Mannheim

Reiss-Engelhorn-Museen Fördererkreis feiert 50-jähriges Bestehen / Drei neue Ausstellungen eröffnet

Erneut viel „Zaster fürs Zeughaus“

„Kultur ist Träger der Bildung einer Gesellschaft“: 50 Jahre ist es her, dass der damalige Bundestagsvizepräsident Carlo Schmid (1896-1979) diesen Satz formulierte – bei der Gründung des Fördererkreises der Reiss-Engelhorn-Museen. Daran erinnerte nun der Vorsitzende Hans-Jürgen Buderer, als er zum Jubiläum und Eröffnung der maßgeblich mitfinanzierten Ausstellung „Belle Epoque“ die Beiträge der Förderer für das Museum in Erinnerung rief.

Als „Rückgrat der Kultur- und Museumslandschaft“ würdigte Erster Bürgermeister Christian Specht den Fördererkreis, der in der Tradition der vielen großen Mäzene stehe, die seit der „Belle Epoque“ in Mannheim wirkten. Mit der Finanzierung dieser Ausstellung mache der Fördererkreis „sich und der gesamten Stadtgesellschaft ein besonderes Geschenk“, so Specht.

Foyer-Umgestaltung 2021

„Damit steht endlich mal unsere Sammlung im Rampenlicht“, freute sich Christoph Lind, Direktor des Zeughauses. Bislang habe das Haus in C 5 „oft im Schatten des Sonderausstellungsbetriebs“ gestanden. Nun würden die Schätze aus dem Depot „in gebührender Weise richtig arrangiert“, womit man sie „stärker im Bewusstsein verankern“ könne, so Lind. Dabei lobte er die beiden Kuratoren, Andreas Krock für die „Belle Epoque“ und Irmgard Siede für die sakrale Kunst, dass sie „kenntnisreich, mit Raffinesse und dem Auge für die richtigen Themen“ die Objekte in lustvoller Weise in Sinnzusammenhängen“ präsentierten. Für die Unterstützung dankte Lind der Stiftung Christuskirche – Kirche Christi des Ehepaars Renate und Karl Schneider, die sich mit großer Leidenschaft eingebracht hätten, und zahlreichen weiteren Spendern, besonders Traudl Engelhorn-Vechiatto. Ausdrücklich hob Lind den Fördererkreis hervor, der mit 85 000 Euro für die „Belle Epoque“ dem Museum „ein denkmalartiges Geschenk“ gemacht habe.

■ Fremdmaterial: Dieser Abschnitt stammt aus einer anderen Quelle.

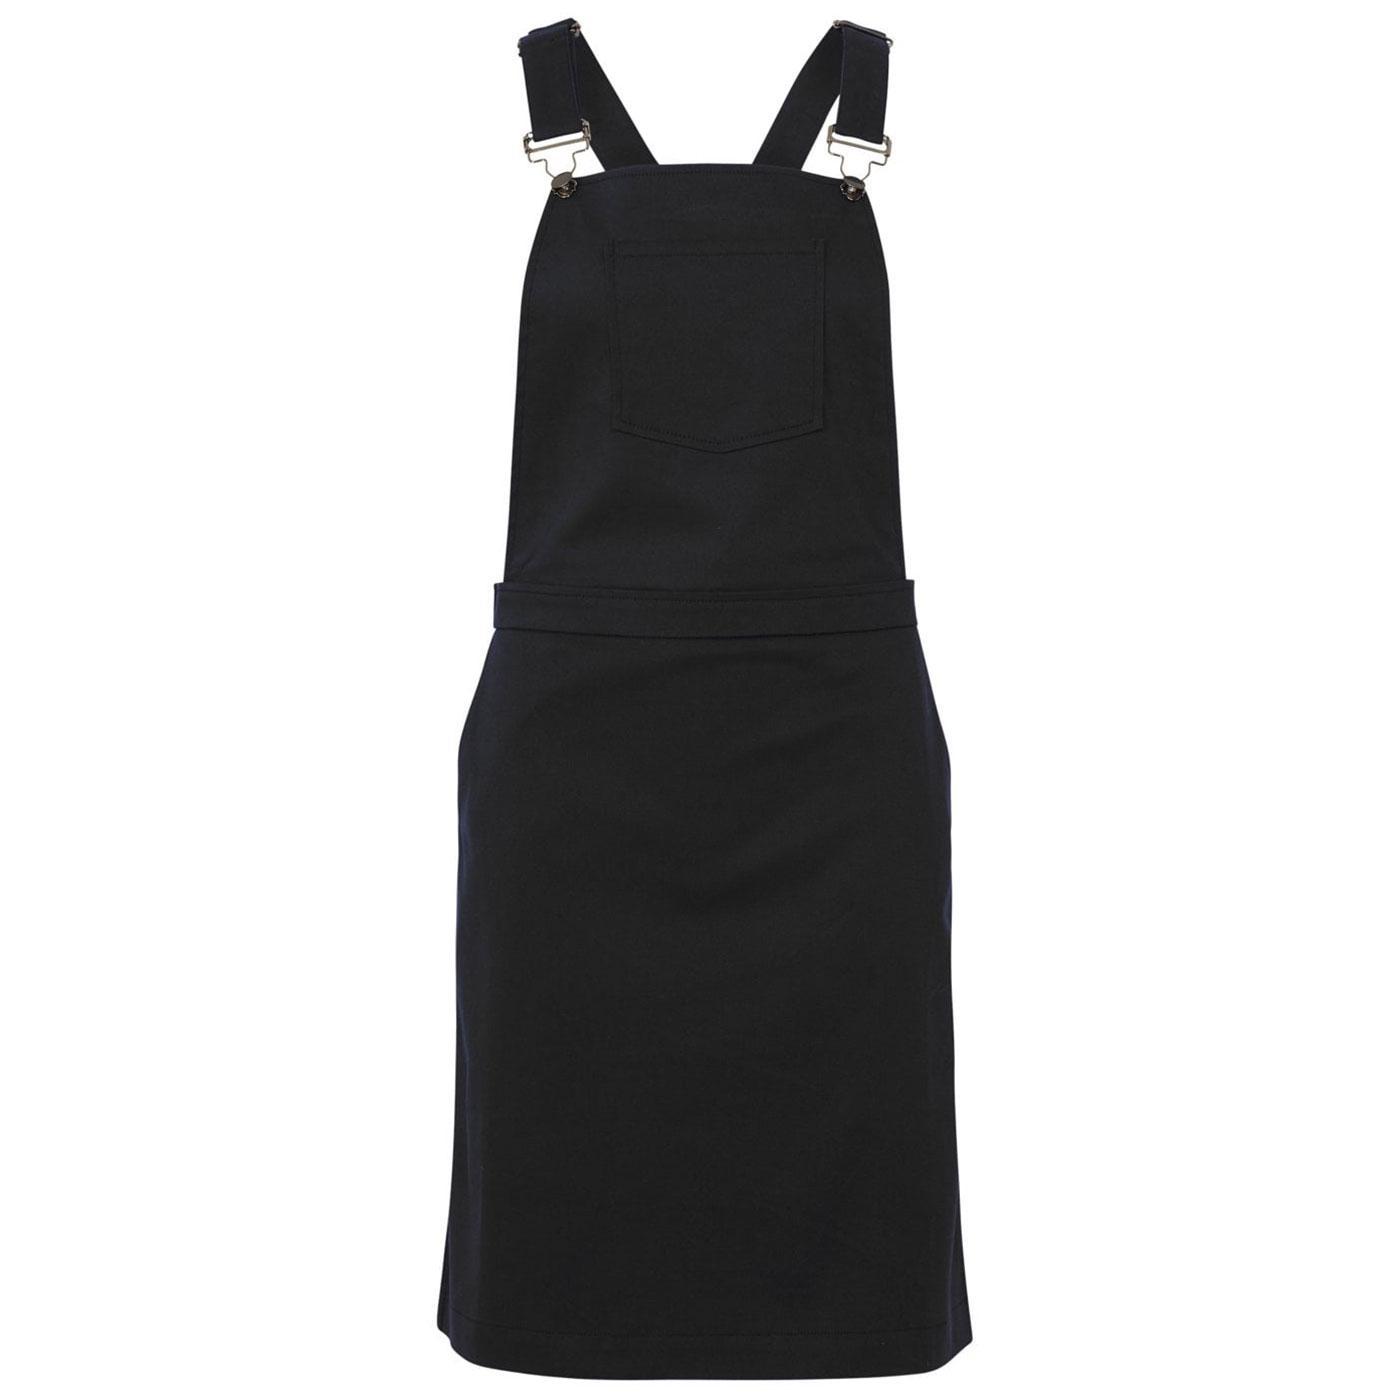 Toni SUGARHILL BOUTIQUE Retro Black Dungaree Dress

„Wir waren uns im Vorstand relativ schnell einig, dass wir uns nicht selbst feiern wollen, sondern den Jahrestag mit einer deutlichen Geste für das Haus begehen wollen“, sagte Buderer. Neben der Unterstützung für wissenschaftliche Arbeit, für Ankäufe, Veröffentlichungen und der ehrenamtlichen personellen Unterstützung, zum Beispiel in den Museumsshops, habe man sich bewusst für eine Ausstellung im Zeughaus entschieden. Dabei knüpfe man an die Aktion „Zaster fürs Zeughaus“ in der Ära des Vorsitzenden Klaus Cantzler an, die 2004 bis 2007 zur Einweihung des restaurierten Barockbaus in C 5 über 2,5 Millionen Euro an Spenden brachte.

„Endlich haben wir drei Bereiche für lange Zeit in gesicherten Räumen“, freute sich Alfried Wieczorek. Der Generaldirektor der Reiss-Engelhorn-Museen. Mit den drei neuen Ausstellungen sei die Neuorganisation des Zeughauses, mehr als zehn Jahre nach dessen Wiedereröffnung, abgeschlossen. „Da müssen wir jetzt für lange Zeit nichts mehr anfassen“, sagte Wieczorek. Nur das Foyer werde man noch angehen – nach 2021, wenn der Erweiterungsbau in C 4 fertig sein soll.